Like the iPod, though it may be internally complex, externally Black-Litterman may feel more controllable, more aligned with business needs, and therefore in a sense simpler to use than conventional mean-variance optimization.

Michaud Resampling as an Alternative

The resampling approach takes an average of classic Markowitz optimizations, including position constraints if desired, over a random sample of possible estimates for means and covariances.   It therefore directly attacks the problem of premature loss of information.  It very clearly increases diversification and stability of allocation weights.

On the other hand, while it brings more information on input parameter distributions through to be optimized, it still optimizes before all available information has been taken into account. It is easy to see that optimizing based on partial samples of returns implicit in resampled means and variances can offer only an approximation.

Consider the simplest case of one stock versus cash.  The stock weight depends on the ratio of excess mean to variance.  If we perturb these inputs, we can get a variety of ratios and then take their average.  This will not give the same pooled result as the ratio of the average mean to an estimate of variance based on the average variance plus the variance of the means. But in many practical cases the approximation will be close.

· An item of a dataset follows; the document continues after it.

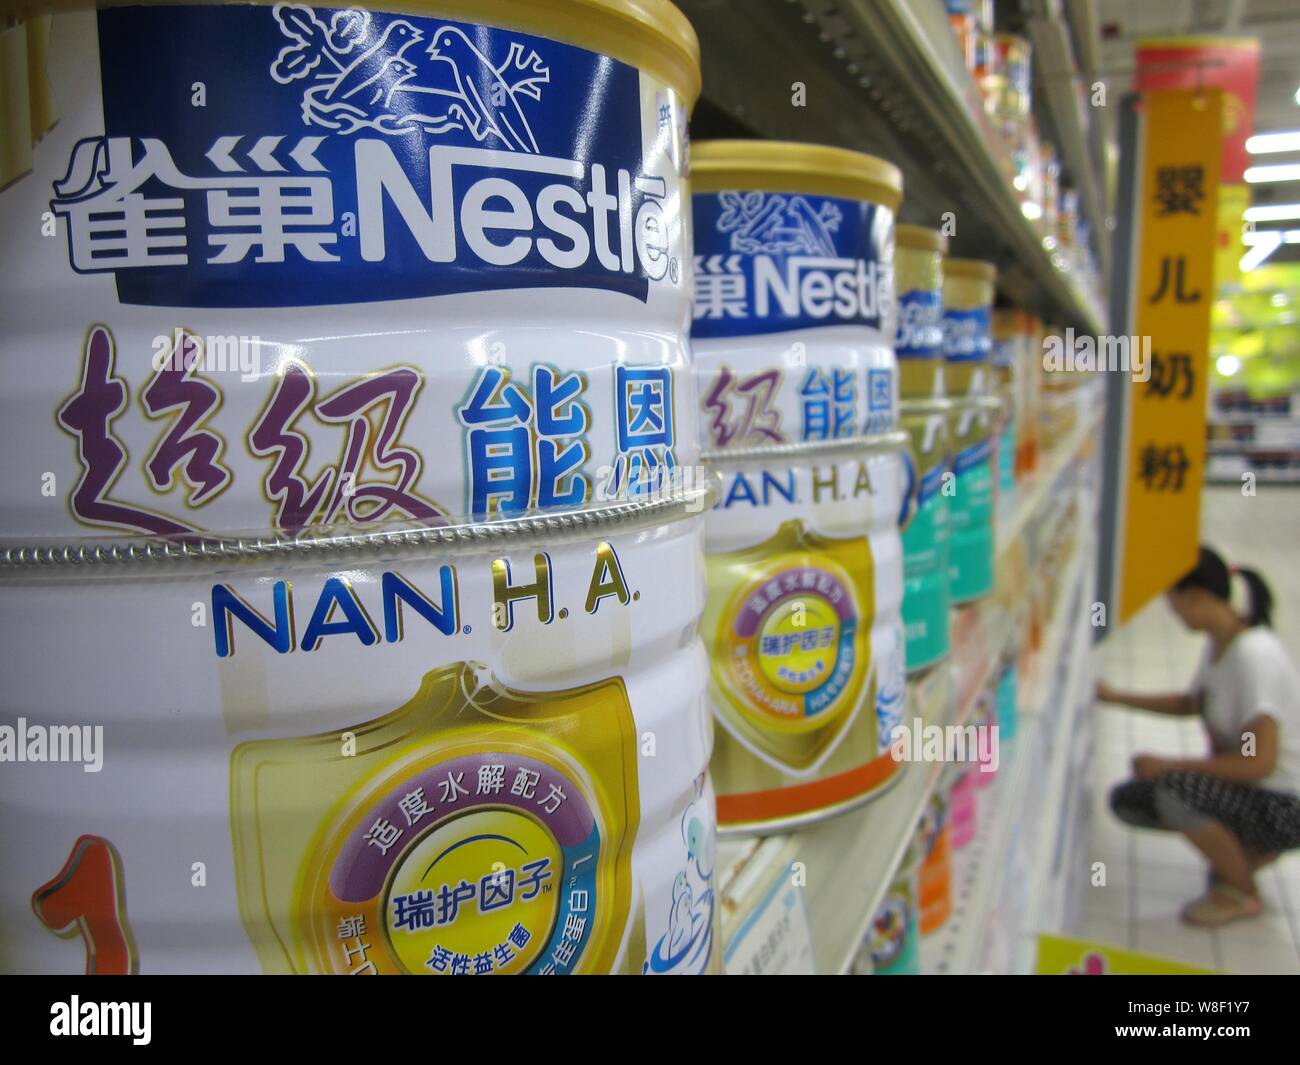 --FILE--Tins of Nestle milk powder are for sale at a supermarket in Nantong city, east China's Jiangsu province, 19 August 2013.   Swiss firm Nestle, Stock Photo

There are a number of papers comparing resampling to conventional mean-variance optimization, ranging from fans to pans.  I believe papers criticizing Dick’s approach as being ad hoc are beside the point.  The issue is how you get the best answers for practical use.  It is clear that resampling does not win in all cases – but it seems to me that it is much less likely than more popular approaches to get you into trouble.

We need more guidance as to when resampling is most likely to be an improvement.  We may need easier user access to New Frontiers best practice.  But note that Dick’s approach is a more modular foundation building block than is Black-Litterman.  It is easy to append  robust covariance point estimates, such as the Ledoit method, for example.   There is also nothing in resampling to exclude combining active subjective prior probability distributions with data-driven distributions, and to do so with more capable modern Bayesian methods.